For setups that are rather long and/or chained-installation heavy, prompting after each chained installation is aggravating to the user and is completely unnecessary from their perspective. This design flaw requires the user to babysit the entire process. We as developers hope that the user chooses to elevate each one - if not the entire setup fails with a rather hopeless error message requiring a support call.
Corporate users are the only ones who generally care about per-user installations, and generally can follow a dependency chain of installations to push apps to the users. Most of them will NOT use our generated bootstrapper, anyway.
The point of this post is to tell you how to work around the 'elevate for each' behavior of the generated setup.exe by hacking the setup bootstrapper used by the MSBuild GenerateBootstrapper task so that it prompts for elevation once at startup and installs everything elevated. This is not ideal because sometimes it is not necessary to elevate, but it certainly makes the end-user result better for the 'happy path' for 99% of all users.
Normal caveats apply - if you break something, its not my fault. Keep a backup of all modified files.

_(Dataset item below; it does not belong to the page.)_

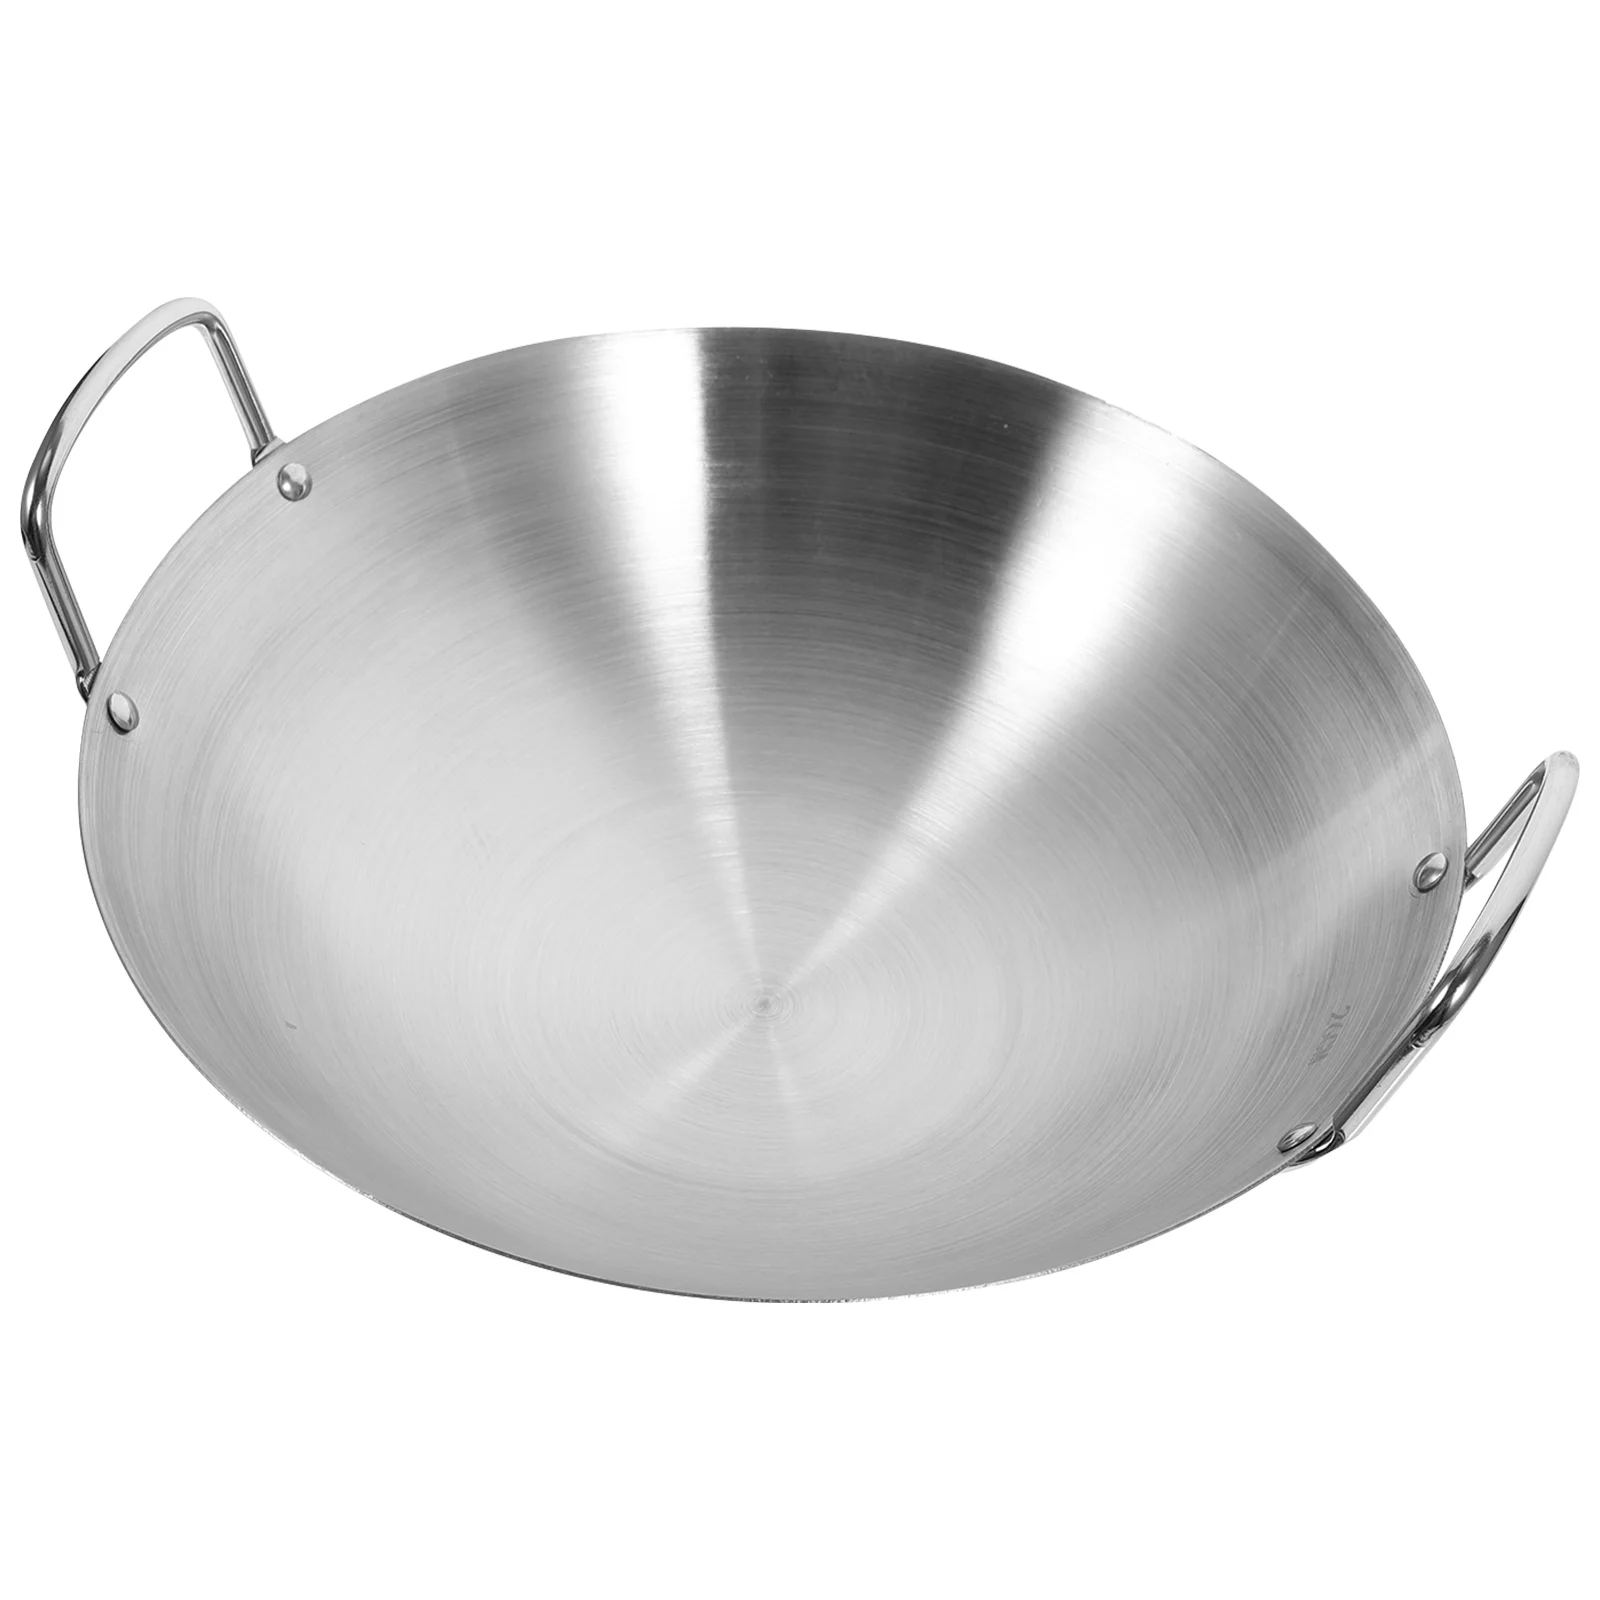 

Stainless Steel Wok Induction Household Non-stick Pan Cauldron Double Handle Cooking Pot Kitchen Frying Work

The solution presented here will change the behavior for ALL GenerateBootstrapper build tasks unless as part of your msbuild script you replace the appropriate file with the version that gives you the appropriate results.
The Windows SDK actually contains this bootstrapper, and it can be located here on a default installation on a 'normal' PC: C:\Program Files\Microsoft SDKs\Windows\v6.0A\Bootstrapper\Engine\setup.bin. Copy this somewhere and rename it to setup.exe. In Visual Studio 2008, do a File->Open->File and find your setup.exe. This will open up a resource viewer/editor. The RT_MANIFEST 'folder' is what you want to expand. Right-click on "1" and export it, saving it as a text file. Open the text file and find the requestedExecutionLevel node - change the level attribute's value to 'requireAdministrator'. Use CTRL-A and CTRL-C to copy the contents of this file to the clipboard. Back at the resource editor, double-click the '1' entry to get it in the hex editor. Select all but the first three bytes and paste your clipboard contents in there. Save and exit. Now rename the setup.exe back to setup.bin and replace the original file, saving a backup, of course. The next time your build happens, the setup.exe will now use the new manifest, giving you one prompt and doing EVERYTHING elevated.
I won't get into the other issues with this bootstrapper - no autogeneration of MSI logs, no timestamps in its own log, immediate run and exit that hinders seld-extracting archive packages for single-file download, no MSI caching for patch scenarios like the Office team uses, spanning over multiple CDs/DVDs etc. I will wait for Wix 3.5's Burn to hopefully resolve these issues and the ones not mentioned. Rob Mensching, are you listening? I'll even volunteer to help write it.